Aside from the sheer scale of Chinese travel, hoteliers across the world have noted that Chinese visitors are increasingly more prominent. Hotel owners globally reported that the number of Chinese visitors had increased by about 50 percent over the last 12 months, but in some economic areas this trend was even more significant. The APAC nations all witnessed a 70 percent increase in the number of Chinese people staying in hotels, and it should be evident for all travel-related businesses that attracting the Chinese market could prove extremely lucrative.
Further credence was given to the growth in travel out of China by the vast increase in airports in the nation over the last five years. In 2010, there were 175 airports in China, and by the start of 2015 this had increased by over 30 percent to 230. Evidence also indicates that major airlines are constructing more aircraft to be delivered to China, with global deliveries of airliners increasing by 20 percent in 2013 alone.
The report also looked at mobile marketing and searching in China. This is very much more complicated than in the Western marketplace, due to strict legislation that the Chinese government has passed. It is well known that the Internet in China is behind a massive firewall, but what is perhaps less commonly known is that no mobile devices may be used in the nation unless they are officially approved by the Chinese government.
This doesn't prevent all of the Western favourites from eventually appearing there, but, for example, the release of the iPhone 6 in China was delayed owing to tardiness on behalf of the authorities in authorising Apple’s iconic handset.
All evidence gathered by the report suggests that Chinese people are searching for travel-related items at rapidly increasing rates. The number of mobile search users increased by 25 percent in China between 2012 and 2013, reaching over 365 million (greater than the population of the United States) in the latter of these calendar years.
In accordance with this, there is clearly huge commercial potential in China, not least because the amount of people engaging in mobile payments and travel reservations is also increasing exponentially. Indeed, in 2013 there was a 126 percent growth in mobile payments in China, while mobile travel reservations increased by 54 percent.
It is important for travel-related companies to understand this distinct marketplace, in which many of the big names associated with Western society are not prevalent. For example, Chinese people use officially government approved social media platforms instead of those familiar to Westerners.

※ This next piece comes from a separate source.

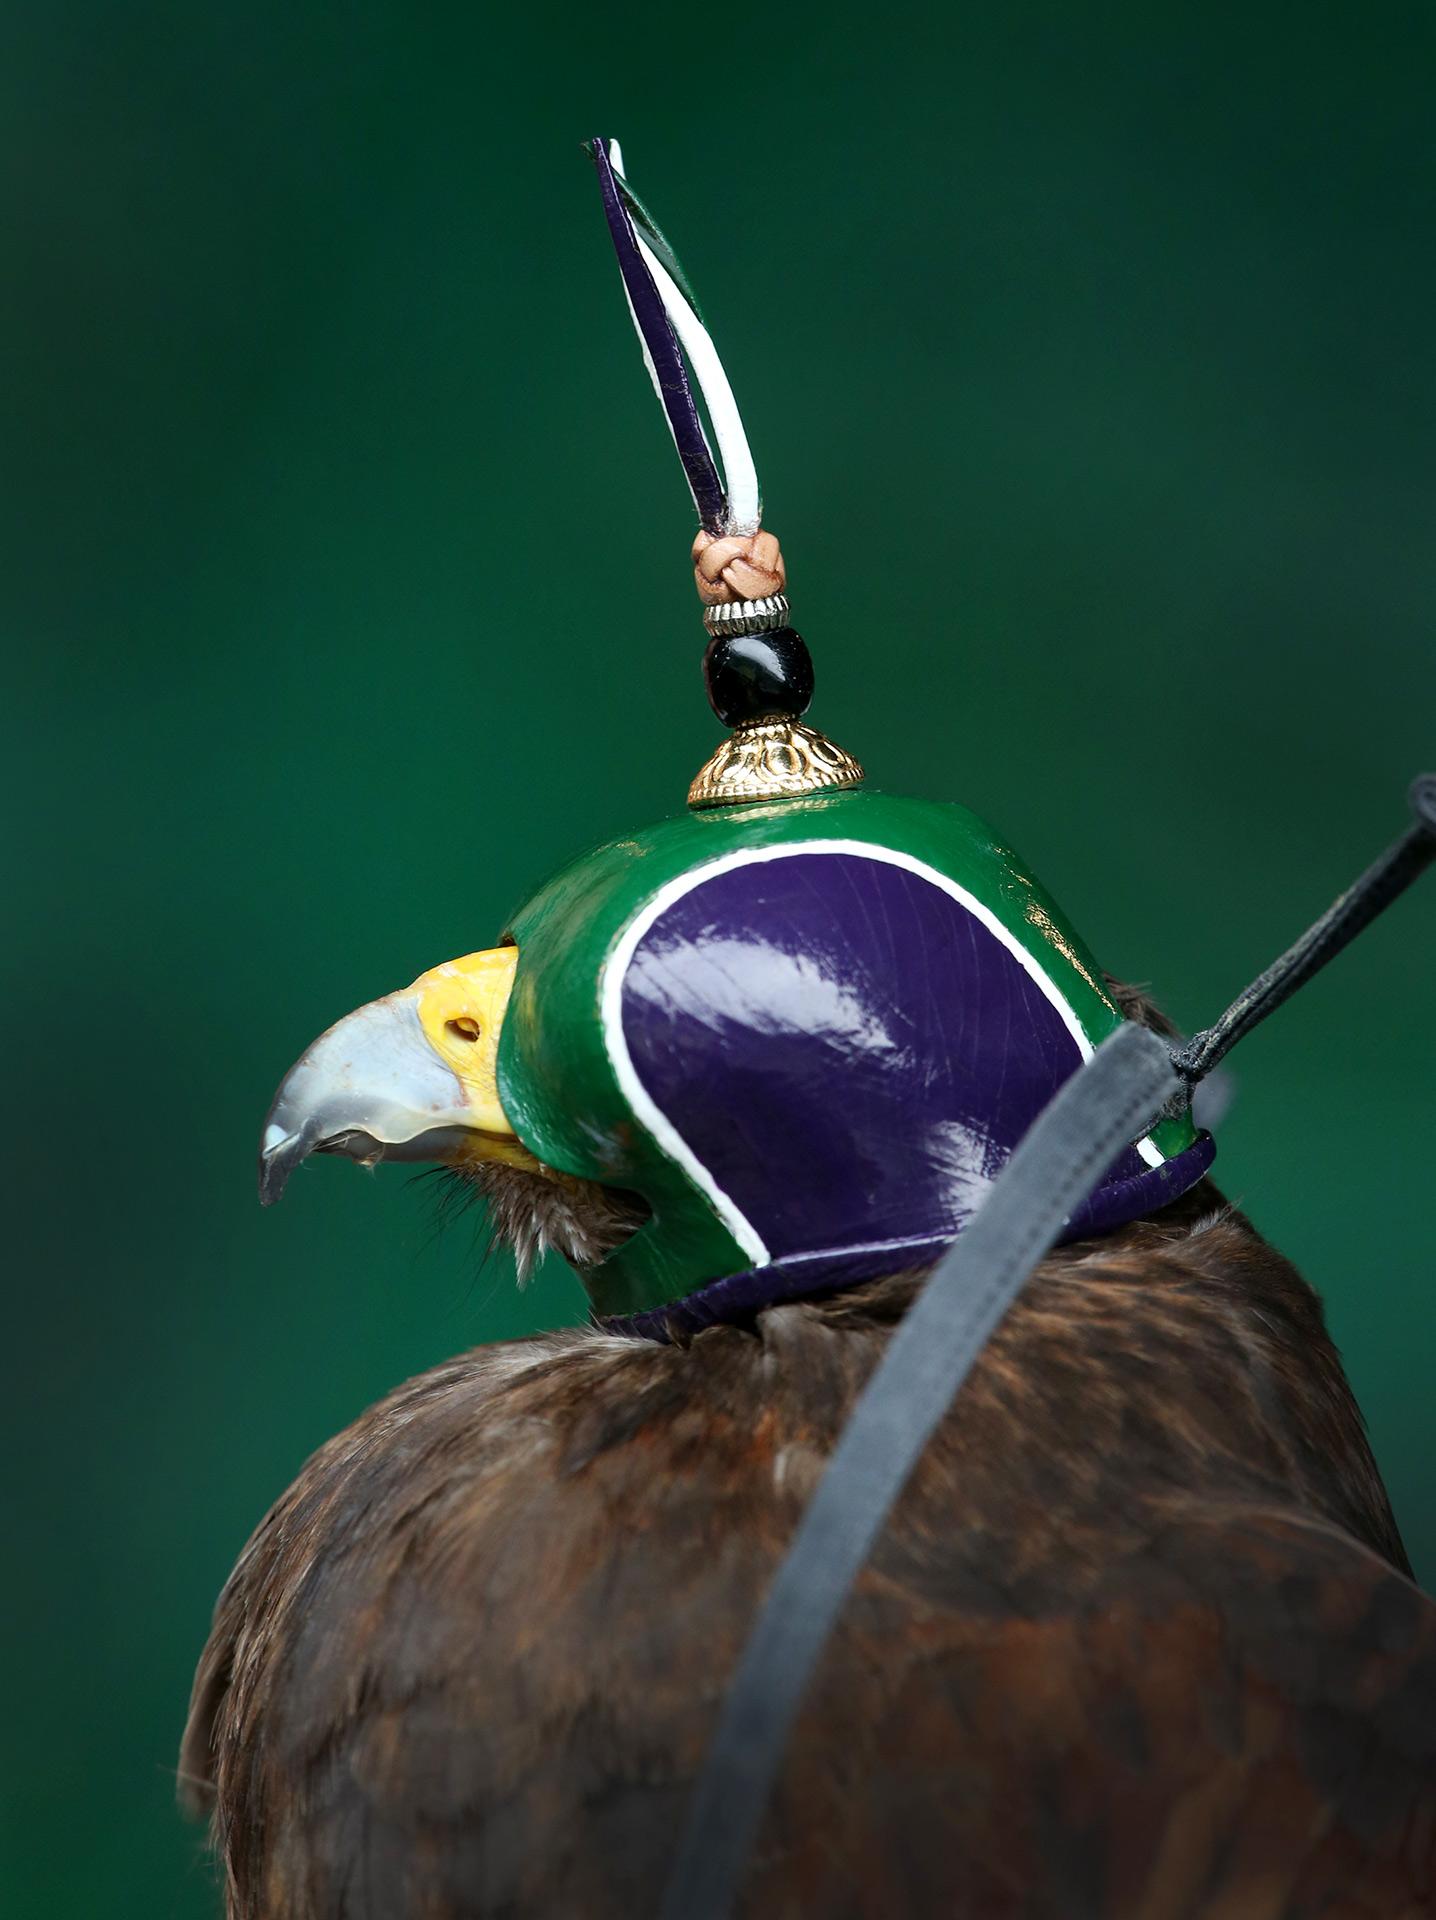 Rufus the Harris hawk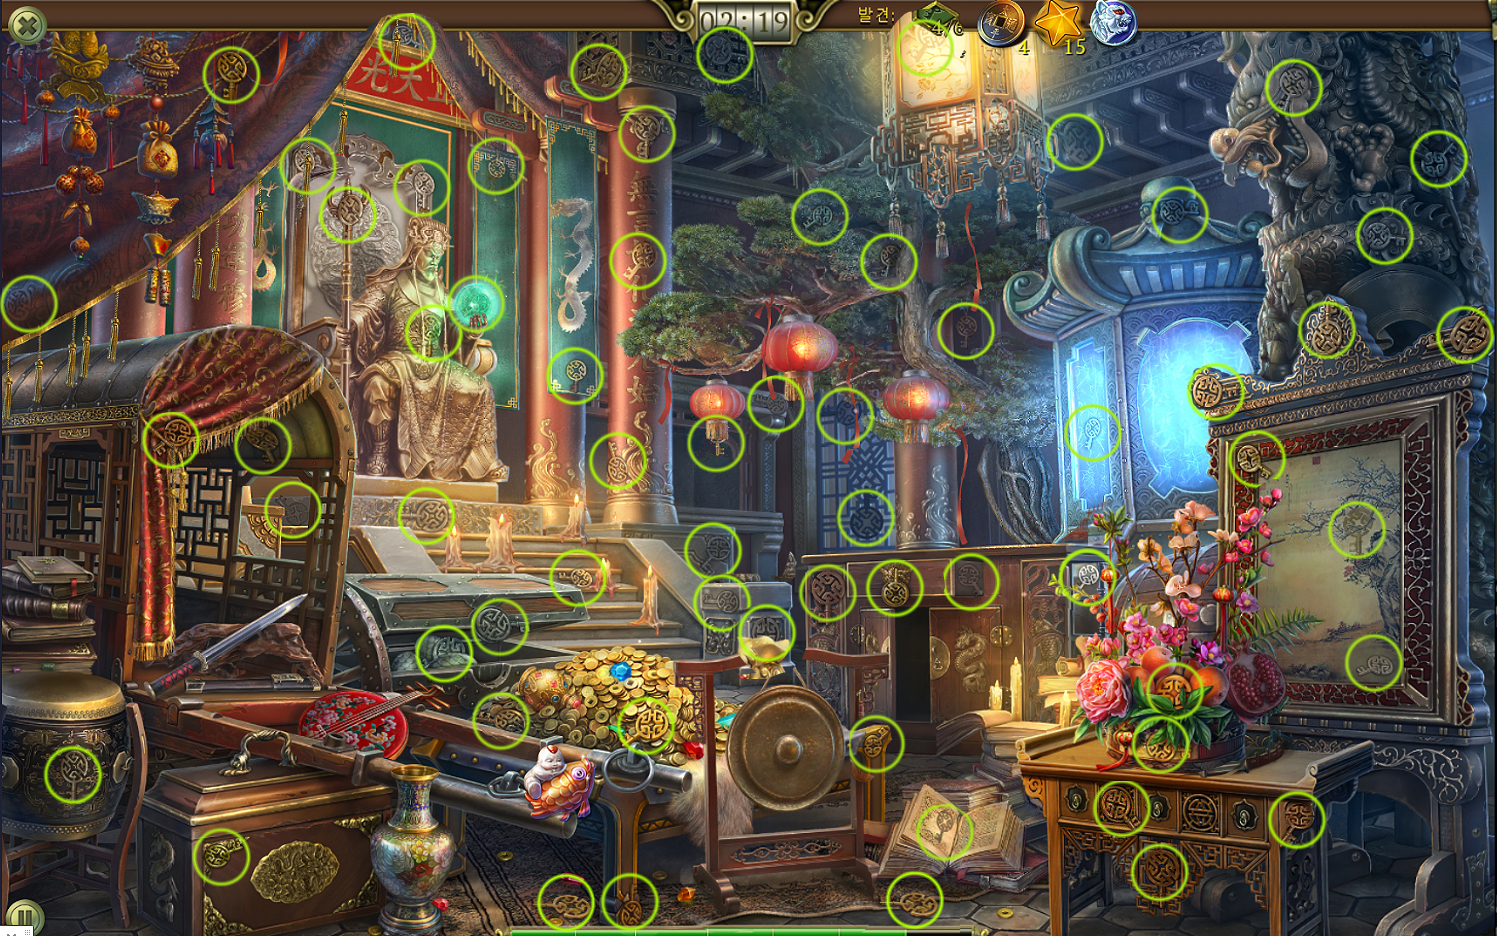 hidden city hidden object game how to change levels

But the commercial potential of digital and mobile for travel companies in China must not be underestimated. One of the most interesting facts about China is that even though it offers vast commercial potential based on the figures contained in the report, it is also a relatively untapped and embryonic market. In fact, the percentage of Chinese people in possession of a passport is pretty paltry, and as China becomes more worldly and open to outside influences in the coming years, the commercial potential for travel-related companies will only increase.